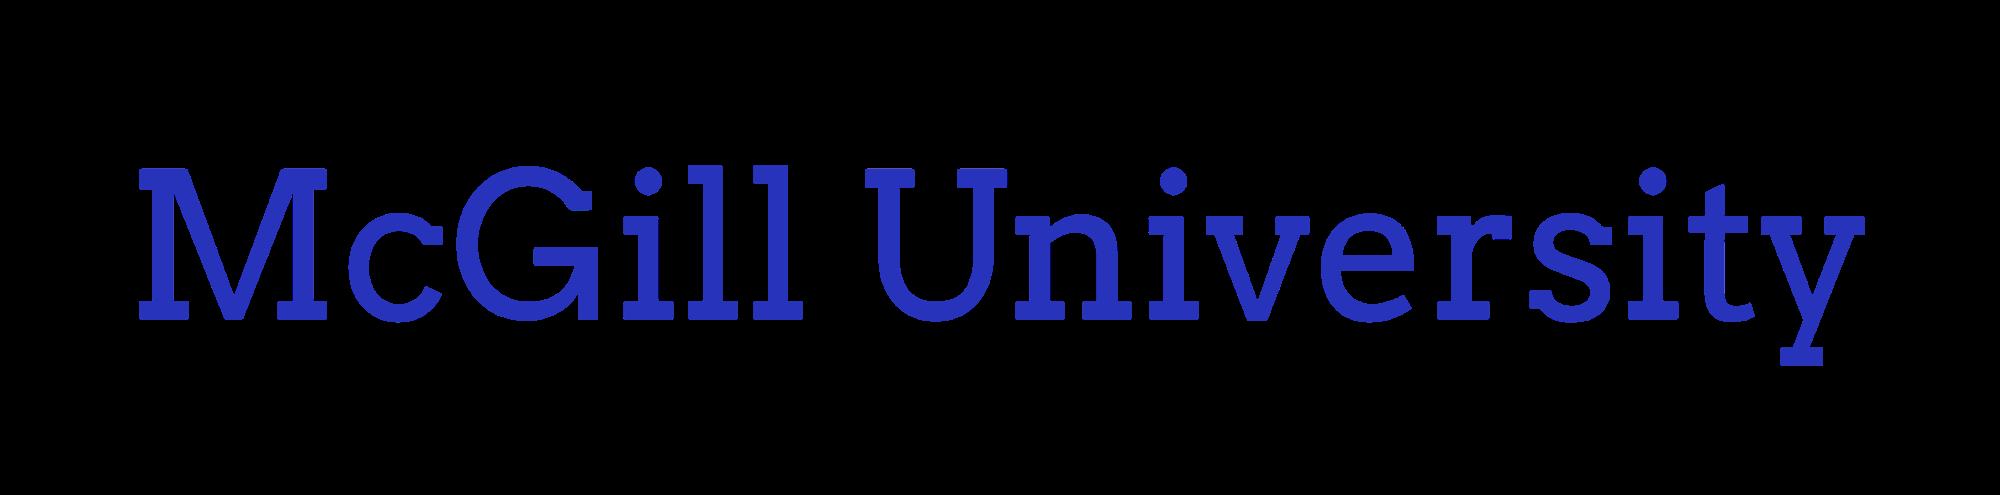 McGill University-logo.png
#####
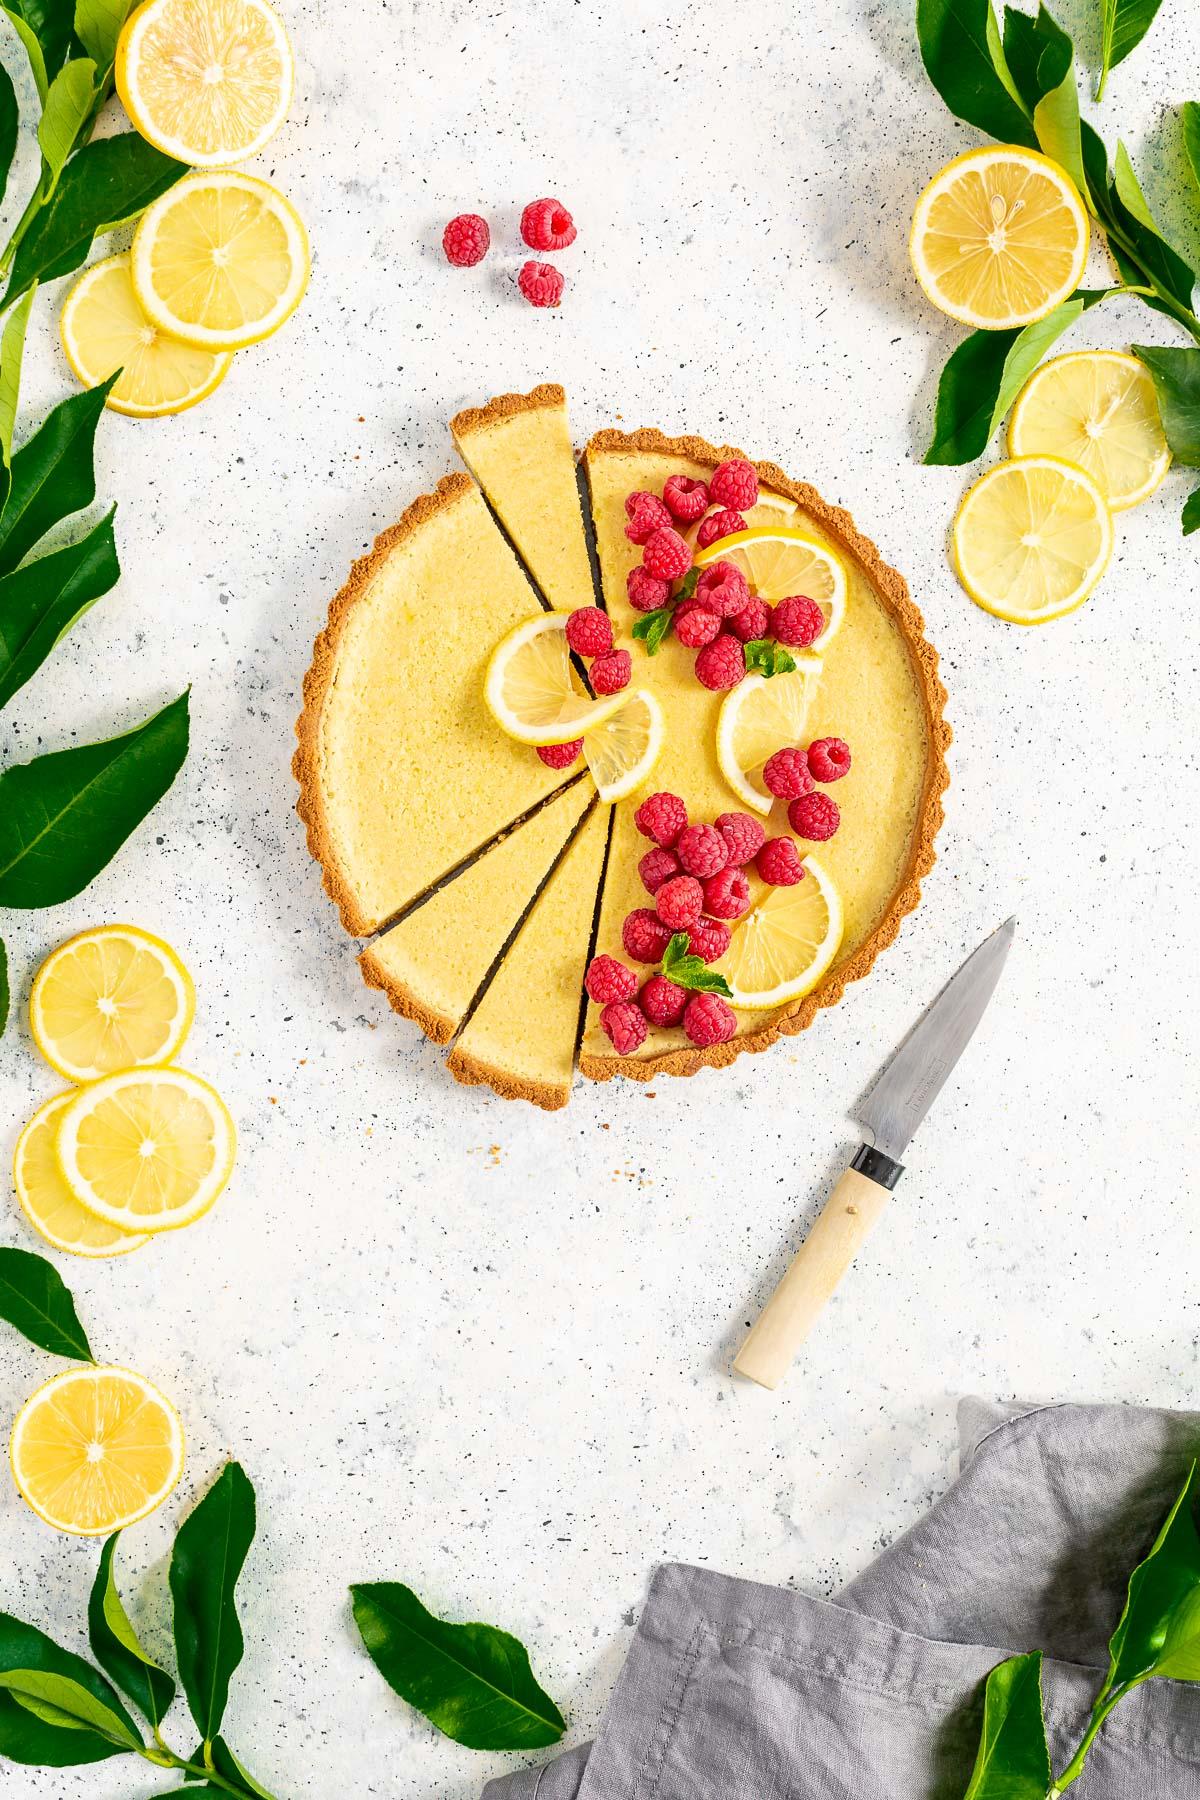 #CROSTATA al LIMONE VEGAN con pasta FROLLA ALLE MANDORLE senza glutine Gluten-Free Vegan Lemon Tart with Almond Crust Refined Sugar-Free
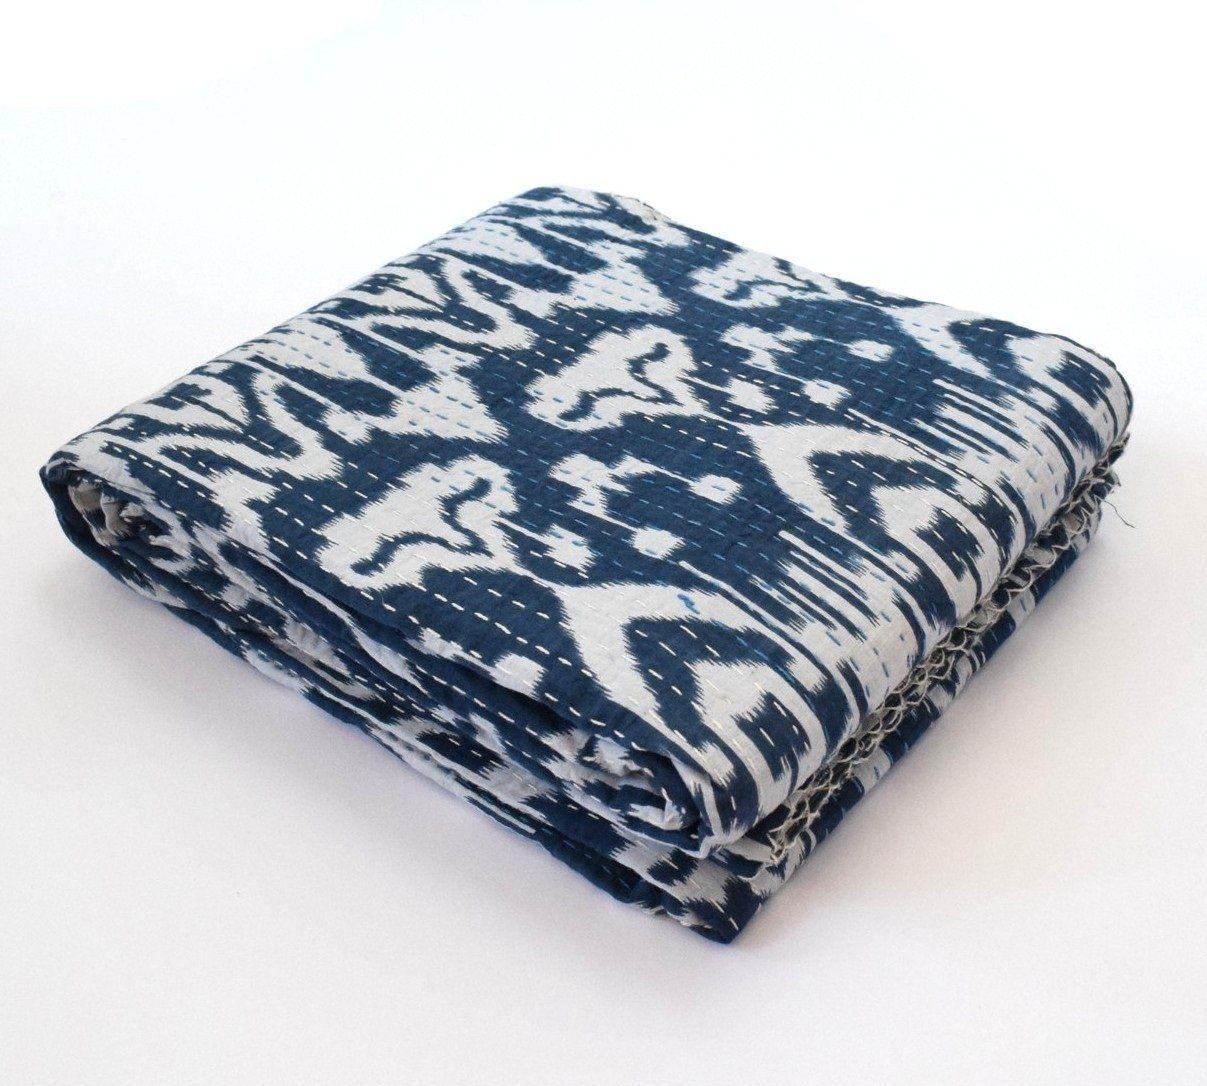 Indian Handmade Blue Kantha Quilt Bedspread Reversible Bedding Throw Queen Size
#####
Above are some records. Reproduce the lines from the one with "#CROSTATA al LIMONE" down to the one with "Indian Handmade Blue", keeping both, and leave every picture out.

 #CROSTATA al LIMONE VEGAN con pasta FROLLA ALLE MANDORLE senza glutine Gluten-Free Vegan Lemon Tart with Almond Crust Refined Sugar-Free
 Indian Handmade Blue Kantha Quilt Bedspread Reversible Bedding Throw Queen Size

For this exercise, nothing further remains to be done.